Without presenting supporting evidence, Pityana claims that “Professor LenkaBula was brought in by a cabal to Unisa.” The suggestion that the current Council is a “cabal” further exposes the toxic politics that have permeated the institutions of higher learning. Does it mean Pityana’s departure in 2015 also marked the end of the reign of his own “cabal” then?
Worryingly, Mosia’s report mirrors Pityana and others’ narratives. “It appears to me that certain rogue elements infiltrated the Council to pursue their own interests above those of the University ”, reads part of the leaked Independent Assessor’s Report. Mosia’s report maintains that “we had hustlers and people with no university experience” comprising the Unisa Council. The theme of “contestation”, “capture”, “cabal” and “fights” is a common thread in the report.
Like Phakeng, LenkaBula has been accused of creating an organisational culture of fear, intimidation and bullying. Pityana further criticises her, claiming that she did not resolve Unisa’s 10-year problems and those inherited from her predecessor in her two-year tenure. For that, Pityana is calling for her to go.
Overlooked by Pityana and other critics is that LenKabula had been in her position for two years and that Unisa’s rise in Times Higher Education (THE) rankings continued despite the University’s problems. Raising the institution’s prestige on international platforms is no small feat.

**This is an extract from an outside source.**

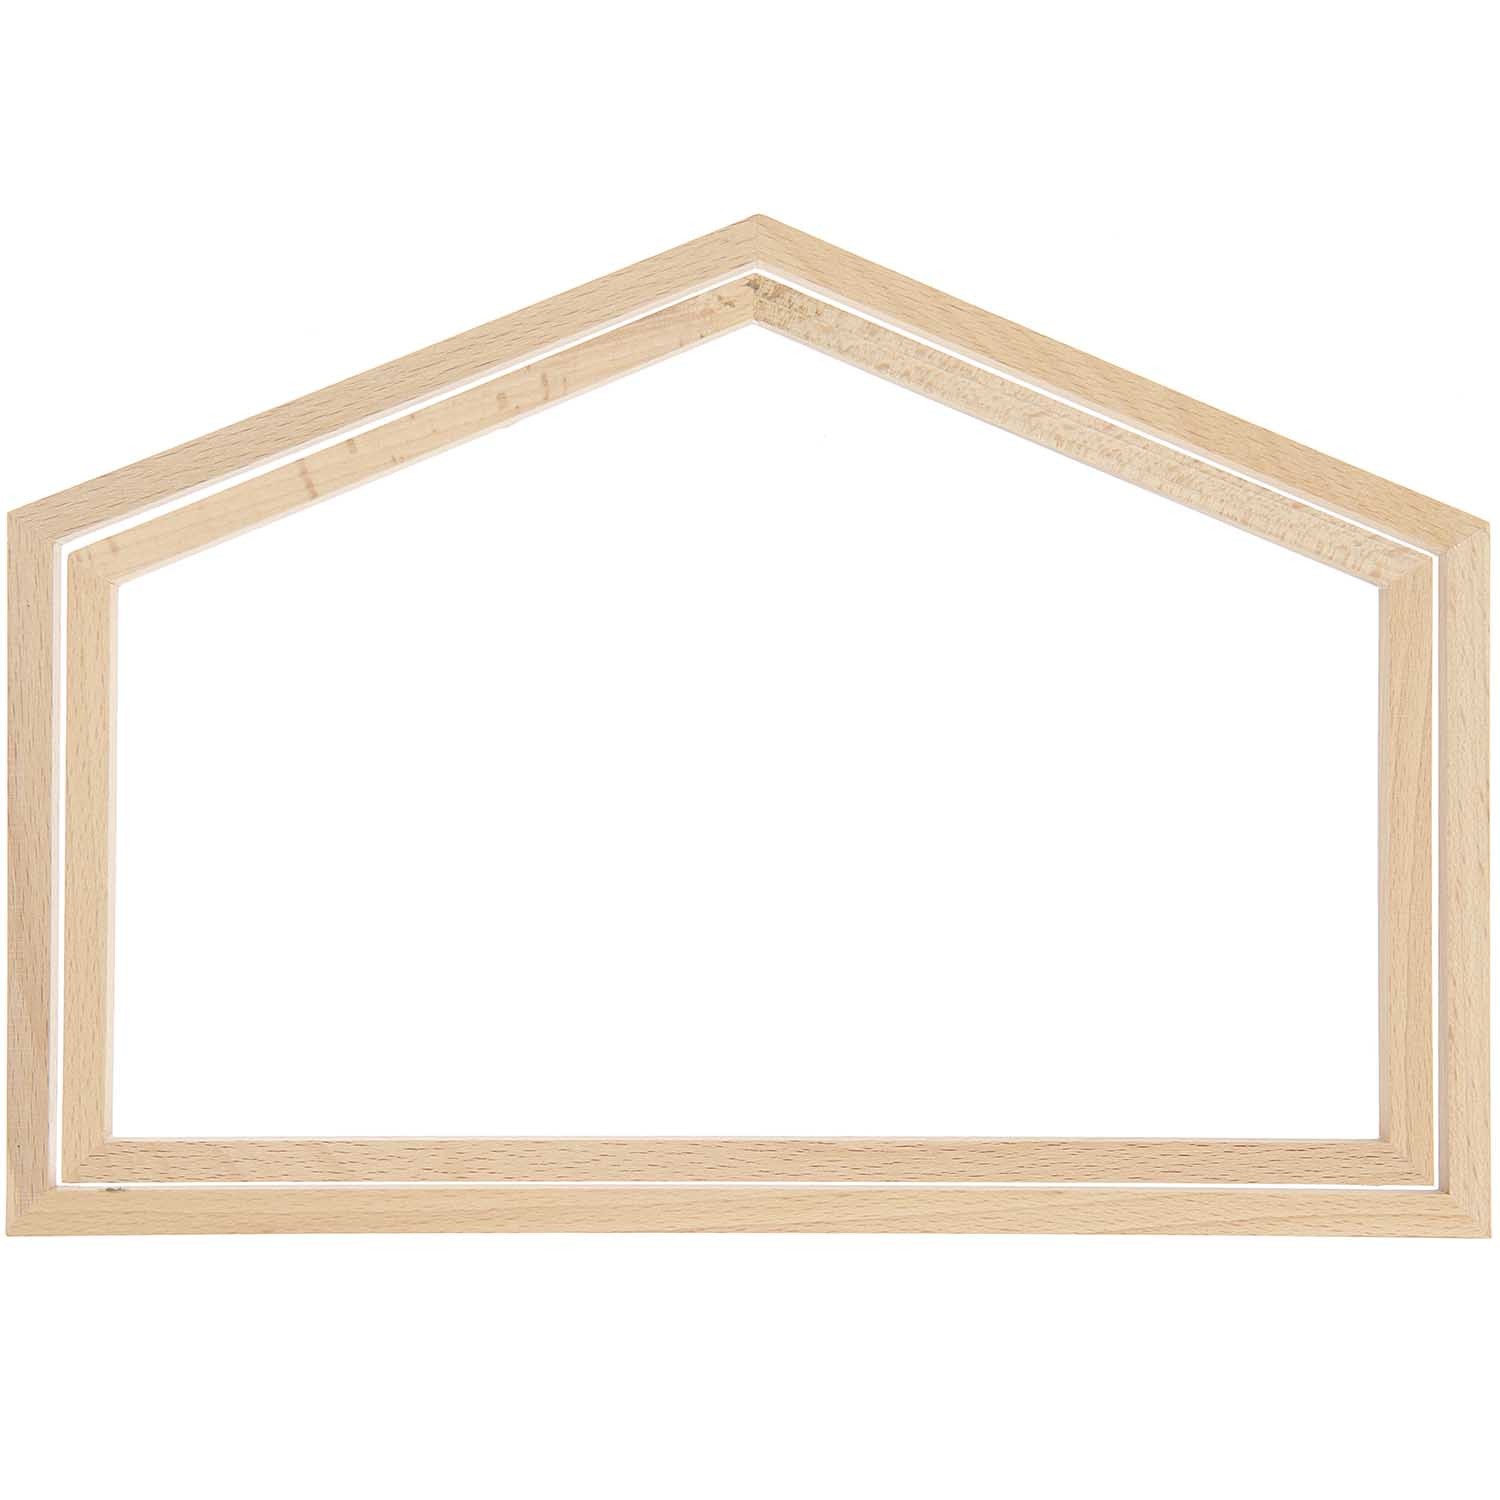 Rico Decorative Embroidery Frame - Wide House Large

It is no secret that many did not accept LenkaBula’s ascent into her position. But why the media campaign for her head and the inconsistent application of moral and ethical standards? Mosia’s report and its analysis may present the answers. The fierce contestations in UFH, VUT, and other institutions give even more clues.

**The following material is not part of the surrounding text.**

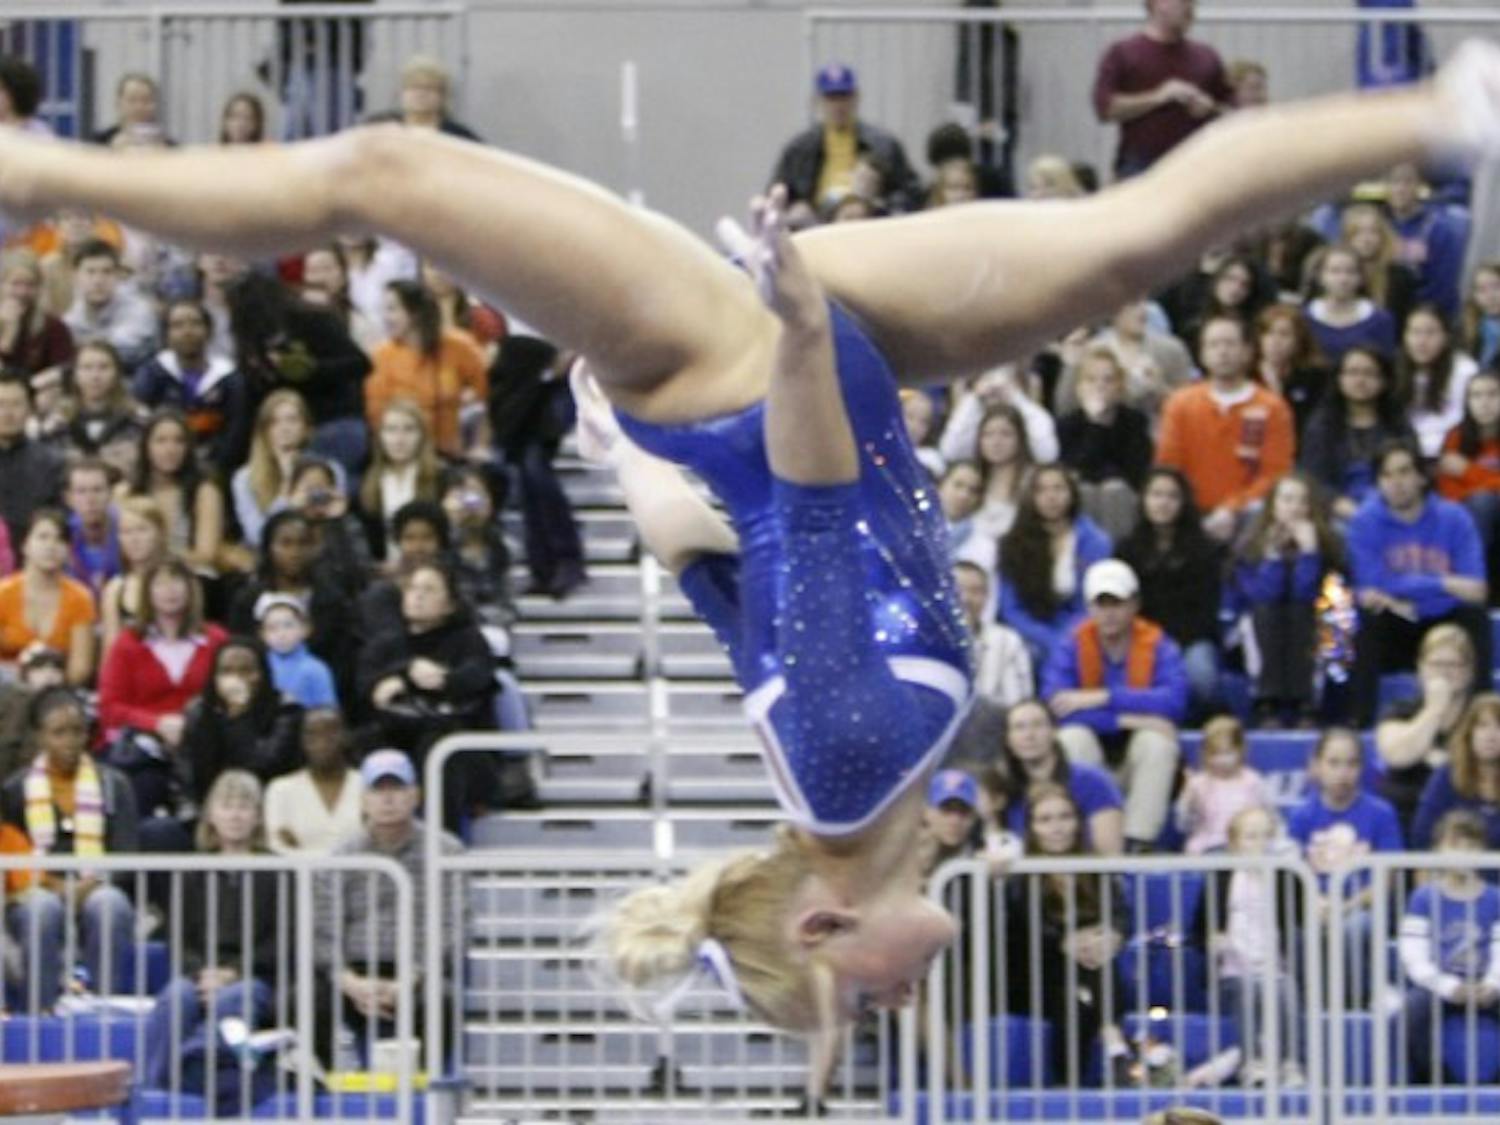 Gators freshman gymnast Rachel Spicer skipped her final semester of high school to enroll in UF at age 17. She posted career bests on beam (9.875) and vault (9.85) Friday against Auburn.

There are no guarantees that another “cabal” would not “capture” Unisa even after the disbandment of the current Council. By drifting deep into the terrain of university employees’ political battles, Mosia sensationalised and undermined what could have been a tool used to fix the institution.
Ultimately, by design or default, LenKabula’s detractors reduced Mosia’s report to a tool in the toxic battle for control of higher learning institutions in South Africa and their resources rather than fixing whatever challenges Unisa may have. And just like Rousseff, LenKabula may be paying the price for not being an establishment candidate.
Mahasha Rampedi is the Editor-In-Chief of African Times.